Associate Professor Fabio Ramos receives Sydney Research Accelerator (SOAR) Fellowship to continue ground-breaking work in intelligent machines.
Associate Professor Fabio Ramos' work in intelligent machines has been recognised with a Sydney Research Accelerator (SOAR) Fellowship. The real-world application of this research includes models to predict air pollution 24 hours in advance to data analytics for portable water production and asset management, and work applicable to mental health, mining and real estate.
“My research builds upon developments in mathematics, statistics and computer science to design algorithms that enable computers to understand data, make predictions about future outcomes based on historical data, and take intelligent decisions under uncertainty that maximise a given objective,” Associate Professor Ramos said.
“These methods and tools are known as machine learning.
“With the continuing development of data science, methods that can predict the outcome of events based on historical data are becoming increasingly powerful. However, it is unclear how to best utilise data science and probabilistic predictions to make informed decisions.
“My research aims to bridge the gap between predictions from big data to optimal decisions/actions.”

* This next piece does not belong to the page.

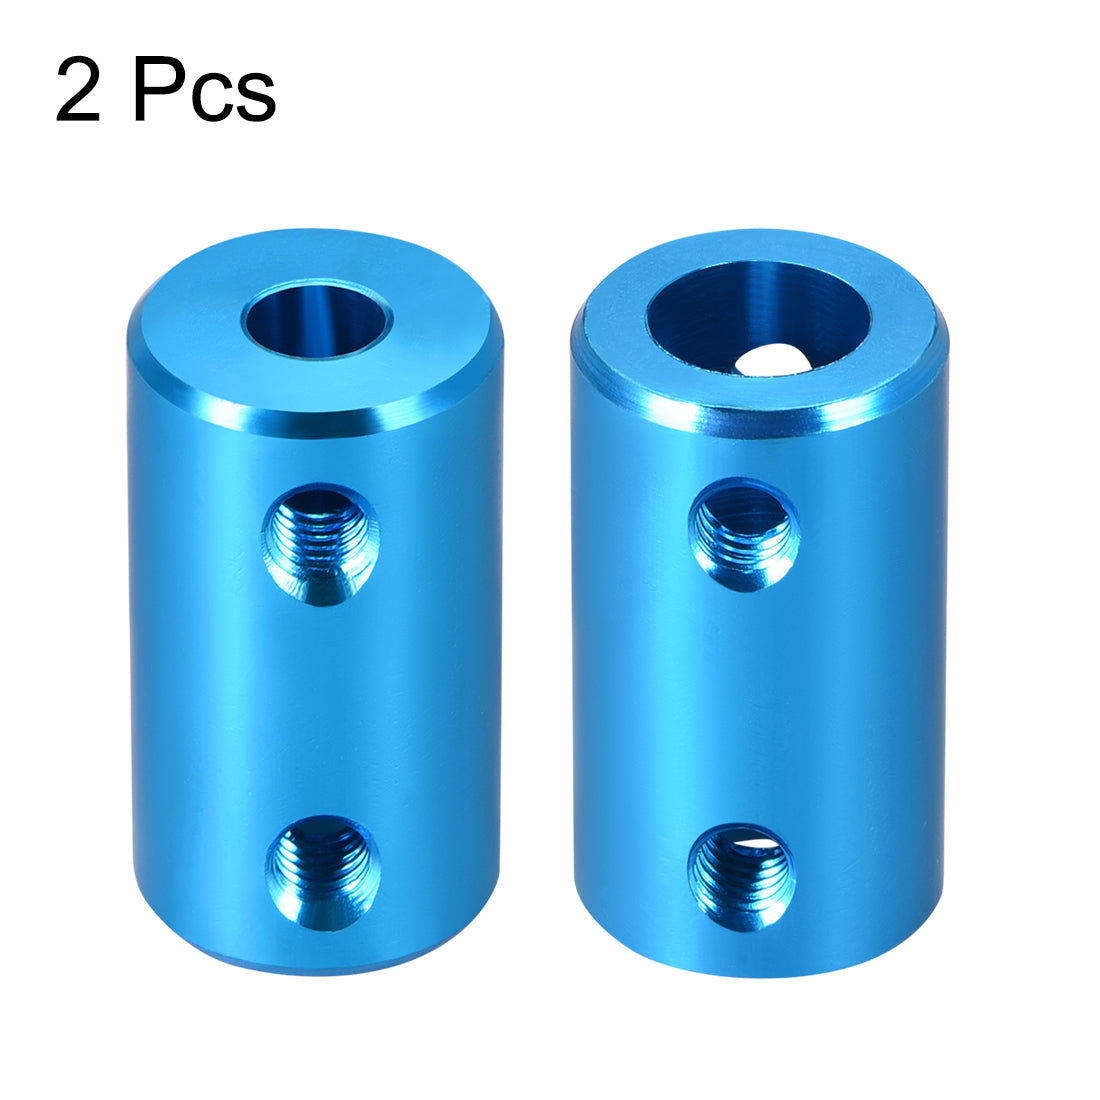 uxcell Uxcell Shaft Coupling 5mm to 8mm Bore L25xD14 Robot Motor Wheel Rigid Coupler Connector Blue 2 Pcs

His work on air pollution forecasting aims to connect data science to statistical decision theory to answer key questions as to whether air pollution forecast models could be used to help define a policy and the benefits of investing in new monitoring stations. In healthcare, Associate Professor Ramos’ work aims to answer questions as to which treatments would lead to the best outcome given probabilistic predictive models of the patient’s recovery and whether we can provide theoretical guarantees for the optimality of these decisions.
“The SOAR fellowship will transform my profile by broadening the impact of the theoretical developments of my research to other fields, and to industry,” he says.
The research of Associate Professor Ramos has been pivotal towards the establishment of the Rio Tinto Centre for Mining Automation, which has attracted more than $35 million in research funding to the University and the Centre for Translational Data Science (CTDS), which aims to open unprecedented opportunities to apply the theoretical aspects of his research to fundamental problems in health, earth and biological sciences.